For those that don't know Bryant, and Courson said there can't be that many that don't because every time they travel together they bump into people Bryant knows, here's a quick version of how the nickname "Chickenhawk" came about:

In his early days working Georgia football practice, before there were large water containers scattered all over the field, the trainers carried water bottles in their hands. They were small and emptied quickly, forcing the trainers to frequently run to and from the shed for refills.

"I would make hundreds of trips it seems like during each practice and coach (John) Kasay said I looked like a chickenhawk swooping off the hill. You could come off the hill at that time and he said I looked like a chickenhawk coming off the hill, and it stuck."

Stegeman Coliseum has been Bryant's office for several decades now. Of course the building now looks almost nothing like the one he starting going to in the late 1970s. His office and almost every aspect of Georgia sports has transformed dramatically during his career.

"Collegiate athletics itself has exploded, TV has certainly brought that on, and the emergence and explosion of women's athletics is beyond anything that I thought it would be, and that's been a very good thing," Bryant said. "And you know what, watching these young ladies compete and win championships is right at the top of my list, from tennis to swimming to gymnastics, and on and on."

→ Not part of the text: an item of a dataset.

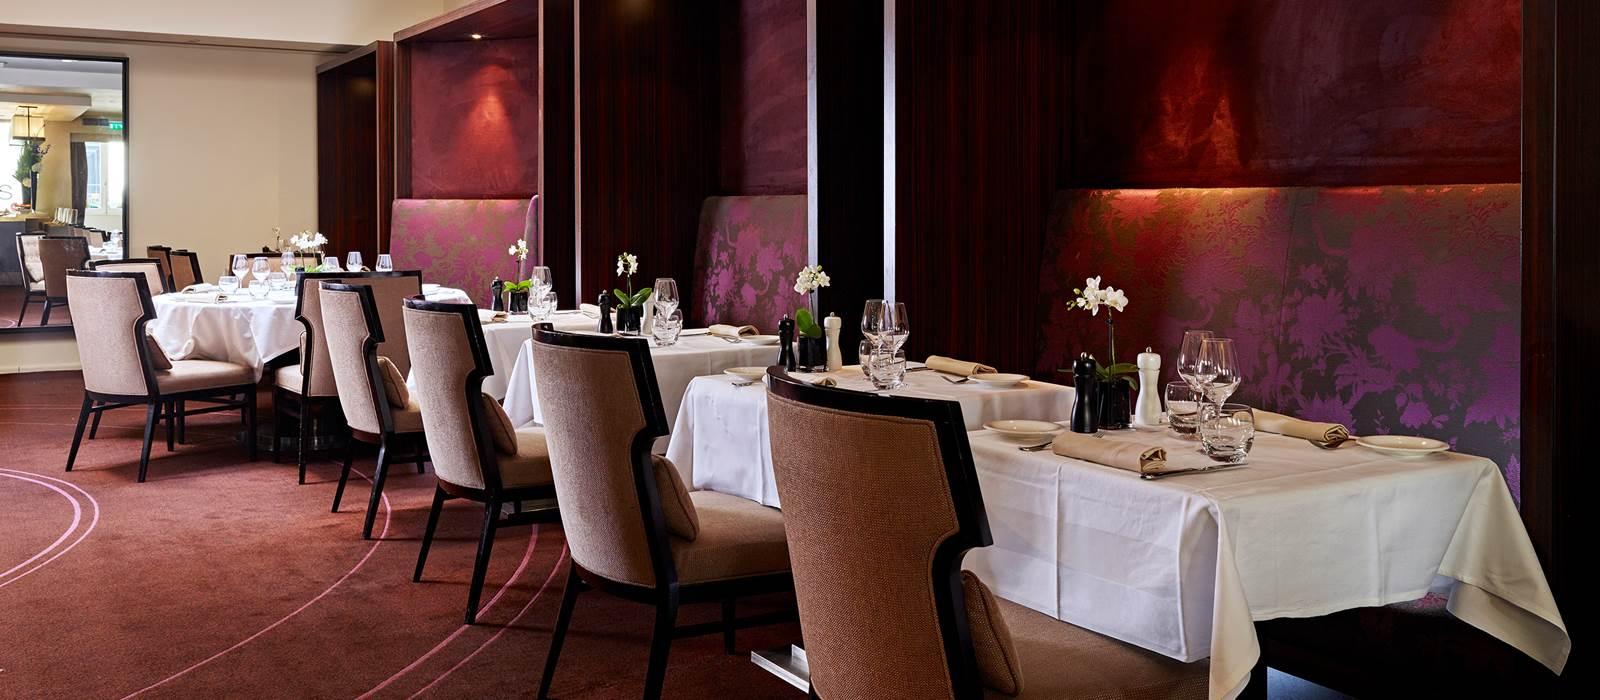 Hotel de la Tremoille   Five-Star Spa Hotel Paris
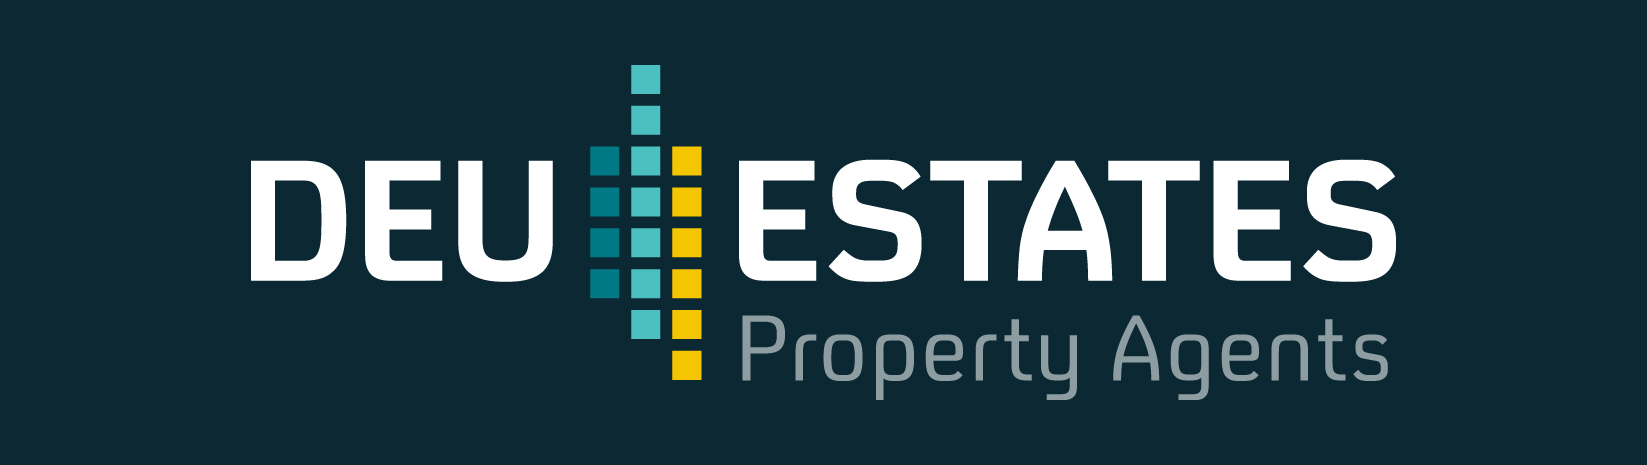 Read DEU Estates Reviews

The son of educators -- dad was a principal and mom a teacher -- Bryant grew up in Elberton, Ga., where he said he first began wrapping ankles as an eighth-grader. He continued throughout his time at Elbert County High School, where the coach was former Georgia football player Bill Coer.

After starting out at Gordon Junior College (now Gordon State College), in Barnesville, Bryant finished up his undergraduate studies at Georgia. He stayed in Athens and got his master's degree.

"Things just fell into place and as soon as I finished my master's," he said, "there was a position open for the assistant trainer -- and I've been here ever since."

And what a time for him to arrive, in the late 1970s.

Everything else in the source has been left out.